Get basic (not phase-shifted) samples for a given pulse.

Find the normalized sample array given the rate (Hz), frequency (Hz), pulse length (s), and wavetables (list containing single cycle of waveform). Will shift for beam later. No need to use wavetable if just a sine wave.

Parameters

• rate – tx sampling rate, in Hz.

• wave_freq – frequency offset from the centre frequency on the USRP, given in Hz. To be mixed with the centre frequency before transmitting. (ex. centre = 12 MHz, wave_freq = + 1.2 MHz, output = 13.2 MHz.

• pulse_len – length of the pulse (in seconds)

• ramp_time – ramp up and ramp down time for the pulse, in seconds. Typical 0.00001 s from config.

• max_amplitude – USRP’s max DAC amplitude. N200 = 0.707 max

• iwave_table – i samples (in-phase) wavetable if a wavetable is required (ie. not a sine wave to be sampled)

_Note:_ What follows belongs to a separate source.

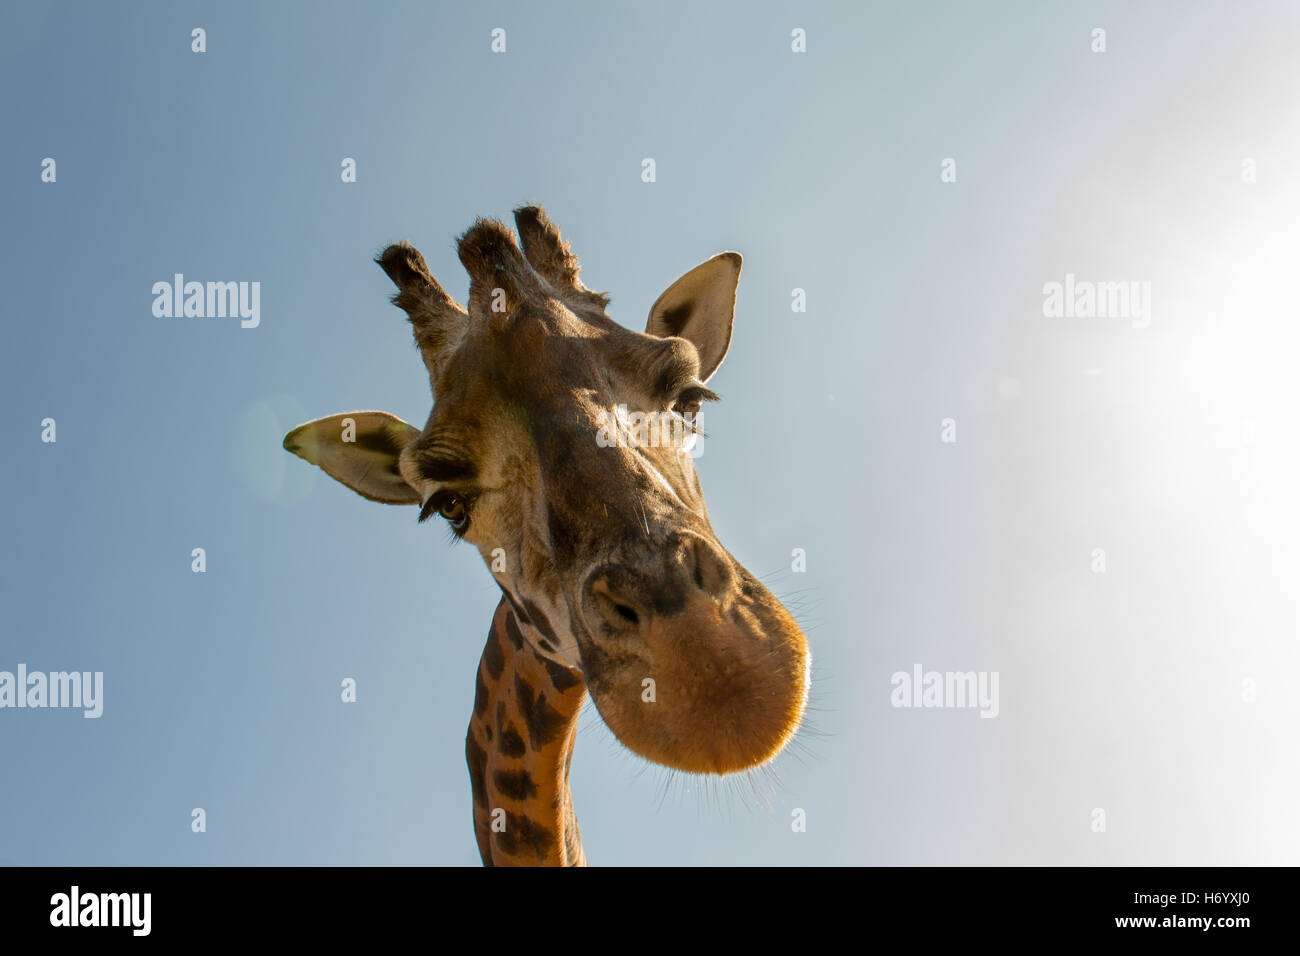 Giraffe head, surprise stares at me on a sunny day. Stock Photo

• qwave_table – q samples (quadrature) wavetable if a wavetable is required (ie. not a sine wave to be sampled)

Returns samples

a numpy array of complex samples, representing all samples needed for a pulse of length pulse_len sampled at a rate of rate.

Returns actual_wave_freq

the frequency possible given the wavetable. If wavetype != ‘SINE’ (i.e. calculated wavetables were used), then actual_wave_freq may not be equal to the requested wave_freq param.

sample_building.sample_building.get_wavetables(wavetype)

Find the wavetable to sample from for a given wavetype.

If there are ever any other types of wavetypes besides ‘SINE’, set them up here.

NOTE: The wavetables should sample a single cycle of the waveform. Note that we will have to block frequencies that could interfere with our license, which will affect the waveform. This blocking of frequencies is not currently set up, so beware. Would have to get the spectrum of the wavetable waveform and then block frequencies that when mixed with the centre frequency, result in the restricted frequencies.

Also NOTE: wavetables create a fixed frequency resolution based on their length. This code is from get_samples:

f_norm = wave_freq / rate

sample_skip = int(f_norm * wave_table_len) # THIS MUST BE AN INT, WHICH DEFINES THE FREQUENCY RESOLUTION.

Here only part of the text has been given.